Goldsmith insists otherwise. When I telephoned this week, he said he was angry about the death of the deer, was ‘taking legal advice’ and would simply ‘like to see the law tested on this’.

A couple of hours later he changed his tune, however, saying he had decided to drop the case.

‘We’ve probably got the guy who pulled the trigger bang to rights but not the woman who ordered him to do it,’ he alleged. ‘So we’re not doing anything.’
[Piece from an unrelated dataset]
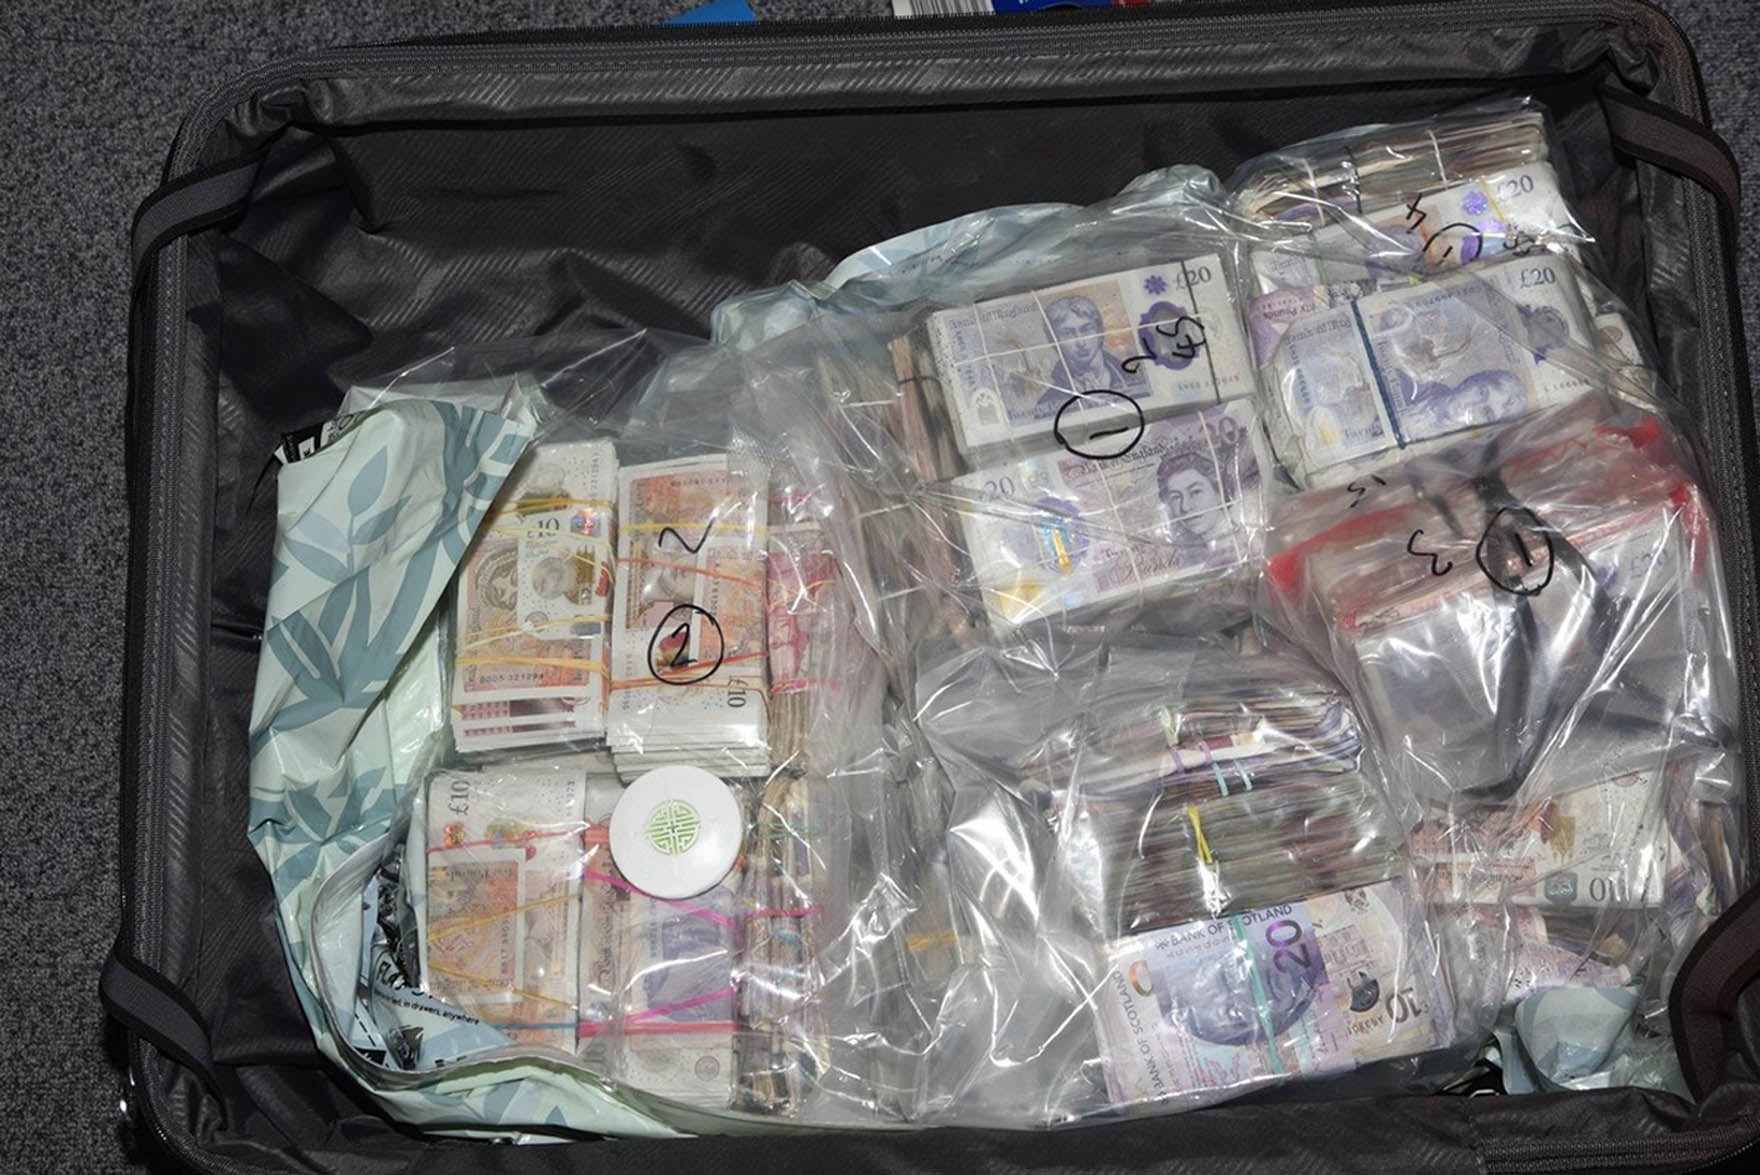 The money was concealed in vacuum-packed bags
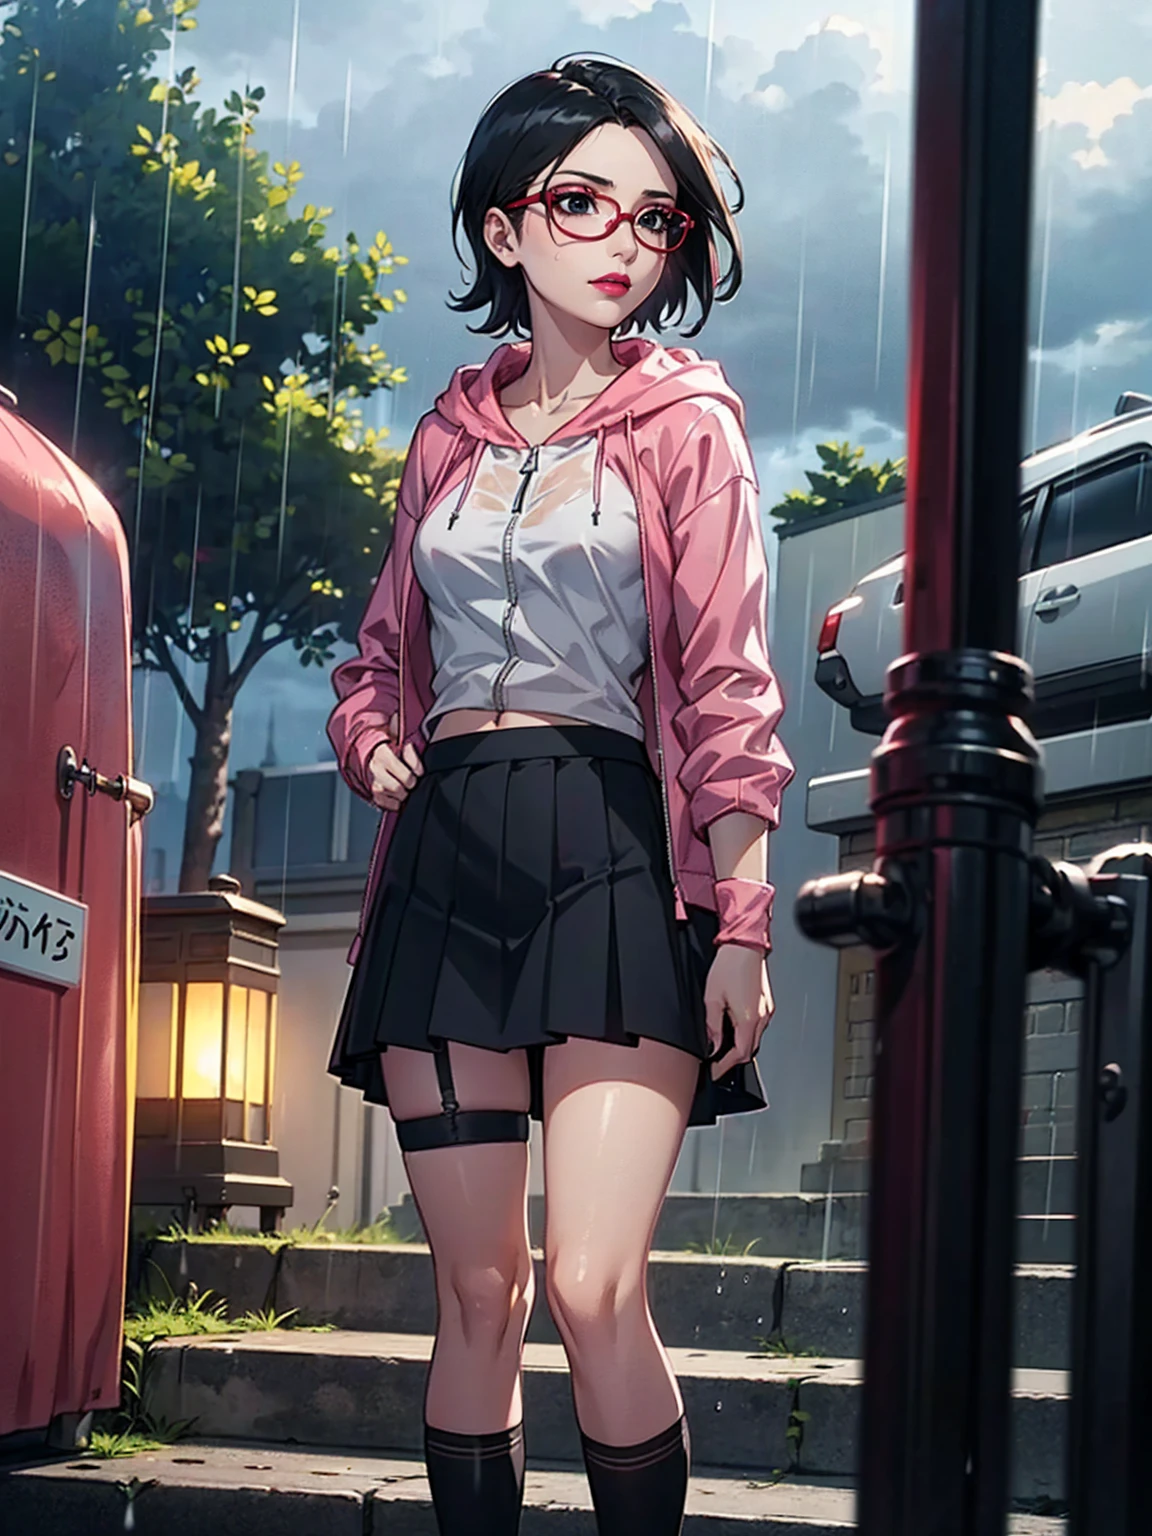 (1girl, solo, alone), (WakatsukiRisa, Sarada Uchiha, black hair, short hair, black eyes, red glasses), ((solo, (1woman, (small bust), pink lipstick, black eyes), Extremely detailed, ambient soft lighting, 4k, perfect eyes, a perfect face, perfect lighting, a 1girl)), ((fitness,, shapely body, athletic body, toned body)), ((on a cloudy street，bright street，Corner store，stair station，Torrential rain and rain，She is wearing a red hooded jacket，Put on a hoodie，White color blouse, white printed blouse，Short black skirt, full skirt, black pleated skirt, black garter belt，Martin shoes，Rain-soaked clothes，Black Exposure，outdoor deep tent)), draped collar

Goldsmith has further insisted he does not wish to purchase his neighbour’s property. However, Ms Horstmann then showed me three WhatsApp messages he had sent her this year in which he specifical­ly offered to buy or lease a hefty portion of it. On May 7, he asked her: ‘ Would you consider selling those acres, if the price was right?’ And on June 4, he once more inquired: ‘For the right price, would you be interested in selling those fields?’

‘ He lies and then lies again,’ adds Ms Horstmann. ‘He doesn’t care. Everything that man says is “BS”. I just don’t believe a word.’

Goldsmith has certainly told an extraordin­ary number of porkies in recent months, for a man who (at the moment) holds public office. In April, for example, he told local farmers — as well as the council — that he had purchased just 22 red deer at the start of lockdown, claiming they escaped by accident.

However, a WhatsApp message sent to a neighbour the day after the deers’ arrival tells a different story. It stated that 32, rather than 22, had been set free on his land as part of a planned effort to introduce a population of the animals.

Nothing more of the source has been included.